I would suggest that it’s people that have read the form that were pushing the beast out on Friday and using the money to back Richard Hills’ mount, with much better crudentials, at the same price.
That’s not to say that there’s no larceny in the game. However, I have a feeling that the market itself is dealing with it far better than the BHA, with the market quite simply drying up on certain horses. Look at the price Lynch’s layers had to go to on his last couple of disappointments before he decided to emigrate – Miss Scarlet was an odds on poke on form yet they found very few takers at 2/1, 3/1, 4/1 5/1!. Similar story with Culhane and Royal Amnesty on Saturday.
September 8, 2008 at 00:35 #179981
AnonymousInactive- Total Posts 17716
Despite what a lot of die hards on this forum will have you believe, you must succumb to the fact that a part of British Horse Racing is corrupt/bent,call it what you will.

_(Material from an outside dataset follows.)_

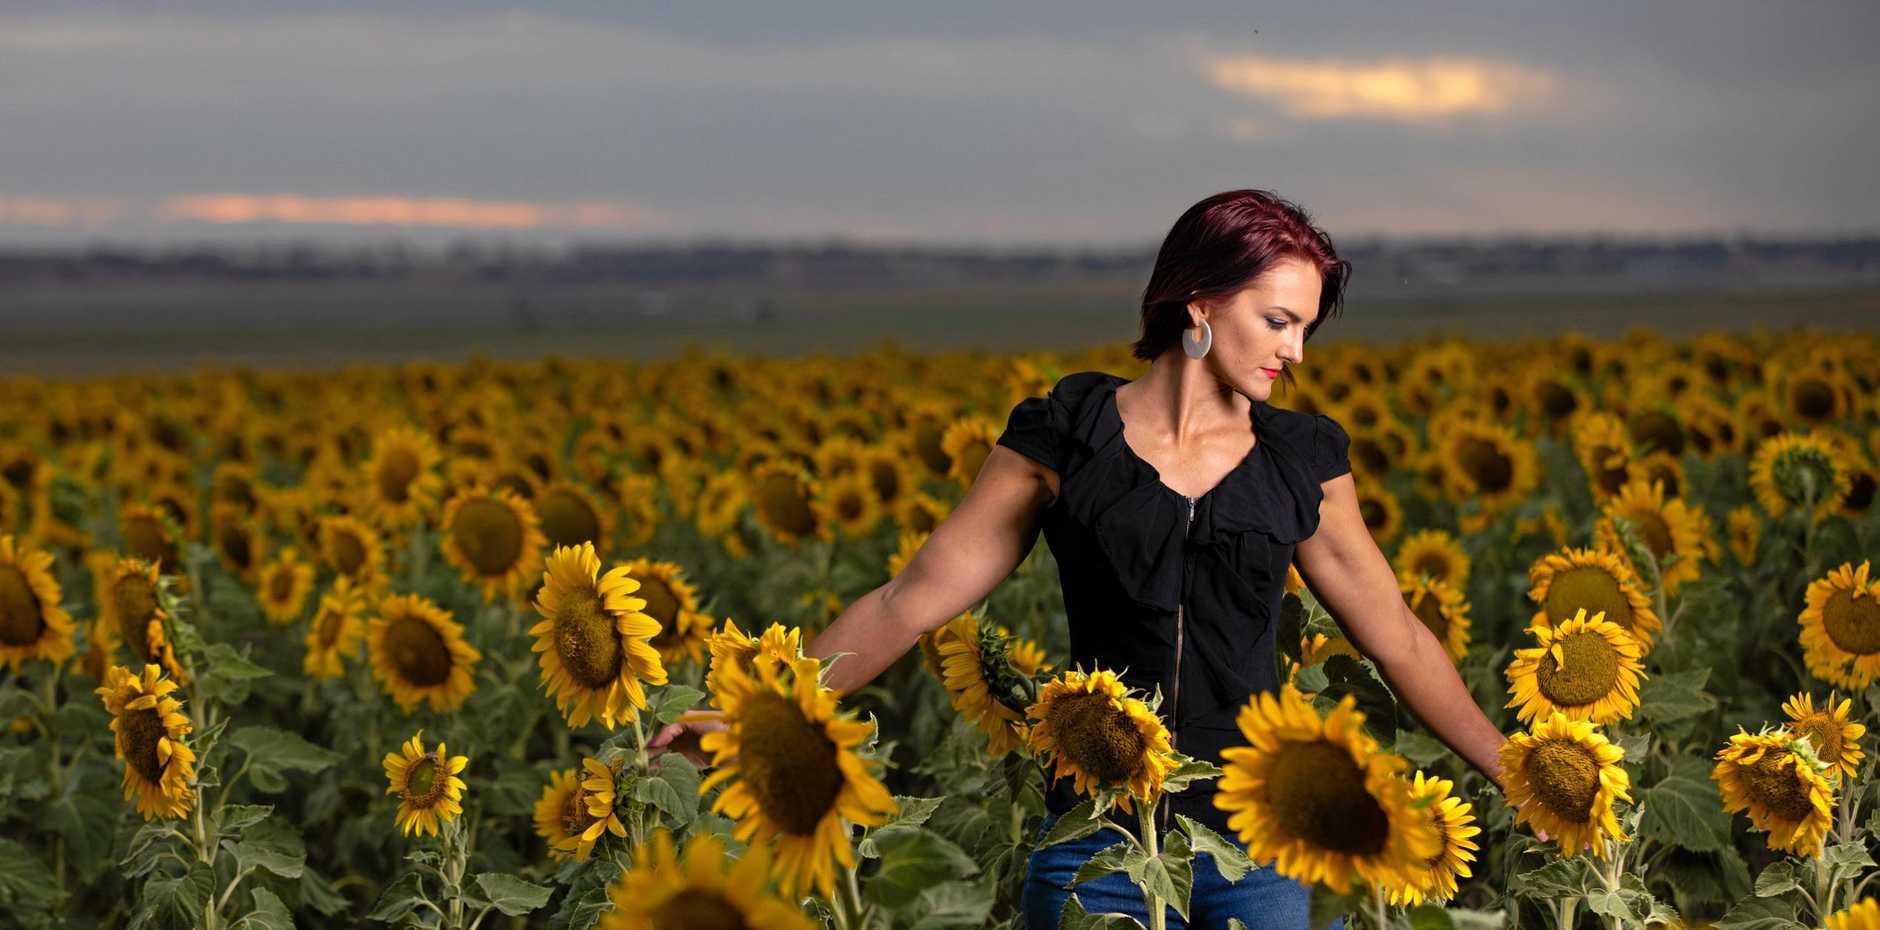 Tim Swinson captured stunning photos of Tamlyn Wolfenden amongst a sunflower field in Oakey.

Ordinarily I avoid posts like yours, no idea and Ghost Of The Fellow, like I would a young maid with open syphillis sores, but I happened on this dreadful, dreadful losers thread and feel duty bound to make an exception.
Did you know that the Levy contributed £17 million to security matters last year?

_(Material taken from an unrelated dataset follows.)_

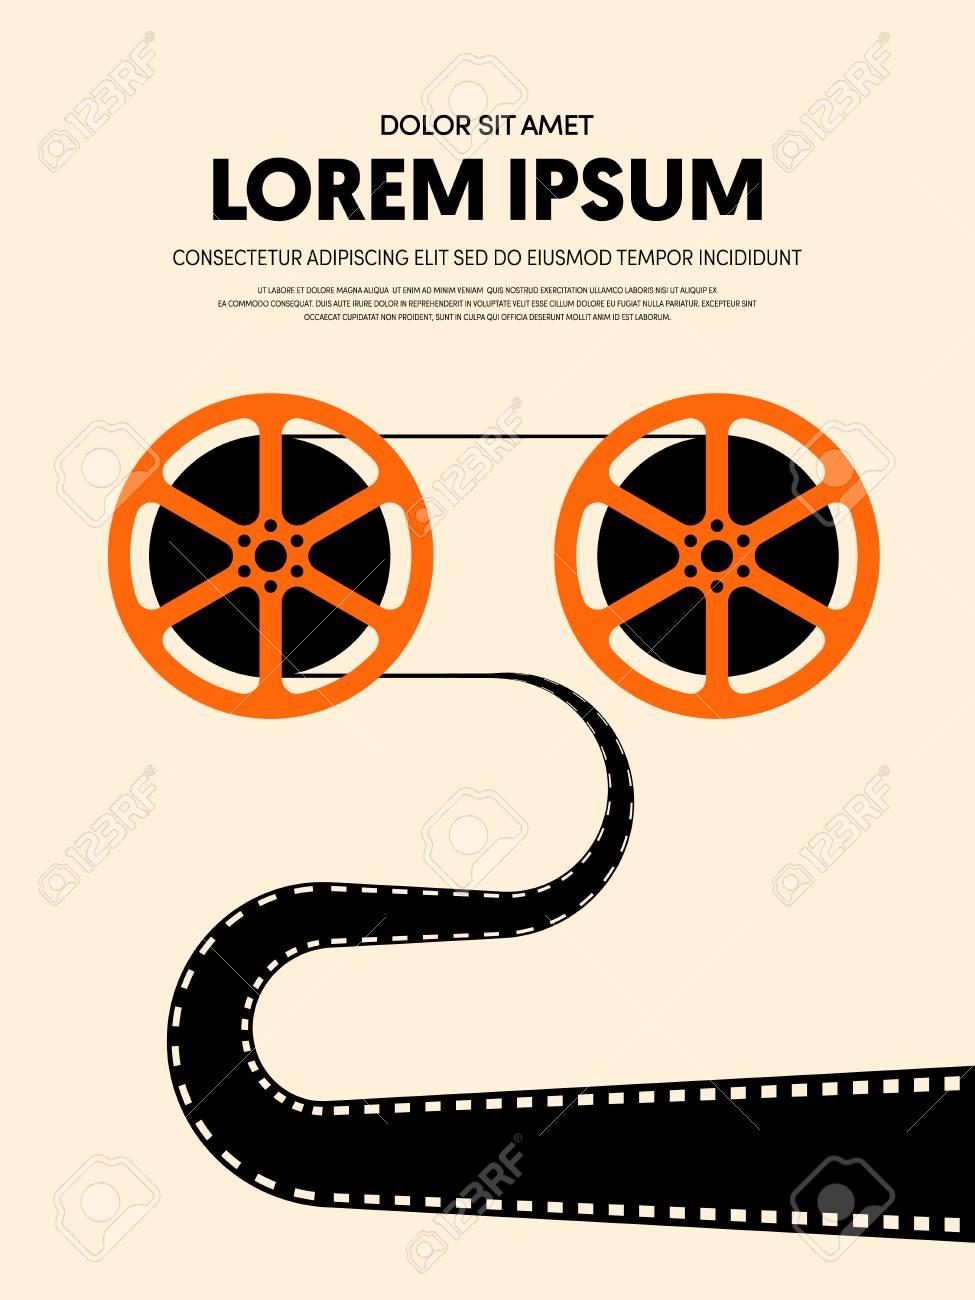 Movie And Film Modern Retro Vintage Poster Background Design

We have better stewards. Close circuit TV. Five cameras per race covering each furlong. We have Betfair account monitoring: (check the story of PD Evans this week after a horse drifted from 7/2 to 7/1 before dying. The BHA were on him in hours).

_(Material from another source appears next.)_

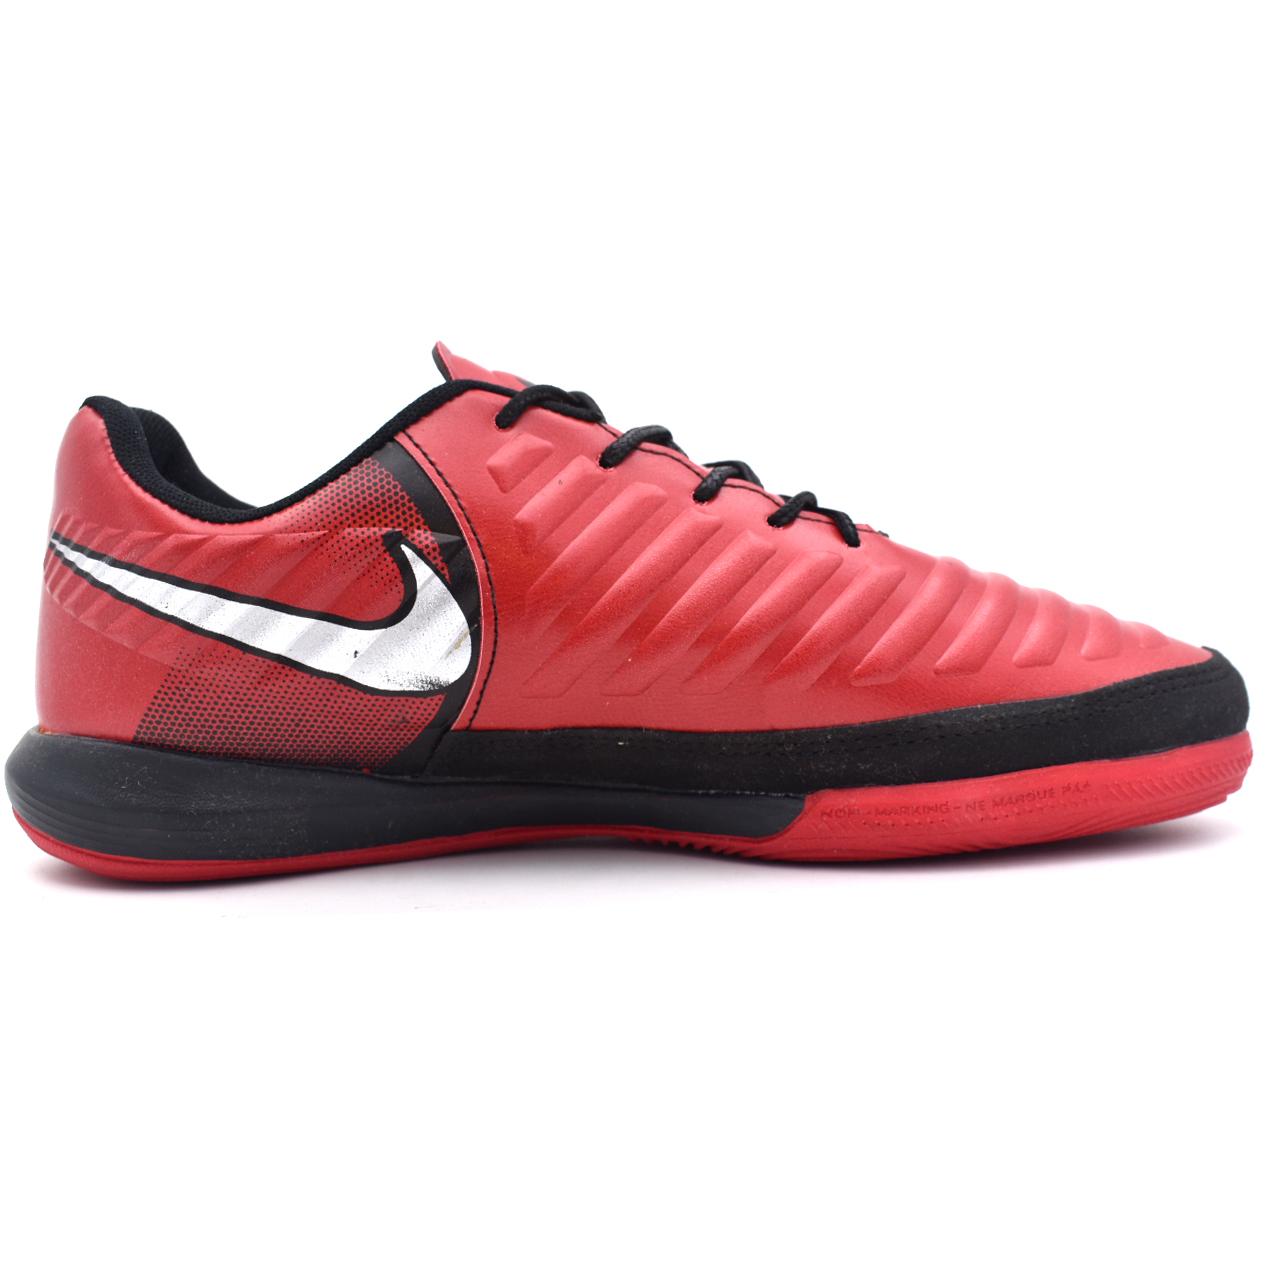 خرید                      کفش فوتسال مردانه کد TMP-3003

There are two dedicated channels with replay facilities. There is the omnipresent Booth with the eagle-eyed Matt Chapman. There is John McCirick (remember the Ed Dunlop horse at Great Leighs?). There are more coppers than in Sun Hill station in post at the Jockey Club. Even the geezer that does the text commentaries on the RP has a hotline to the BHA! There is the internet.
Everything is watched. Nothing escapes someones notice, somewhere.
You’d have to be insane to pull anything other than a brilliant stroke. Because they’ll have you.It’s called the Panopticon, lads. The All-Seeing Eye. Never has there been a better time to bet, hence the bookmakers defending themselves with every tactic they can think of.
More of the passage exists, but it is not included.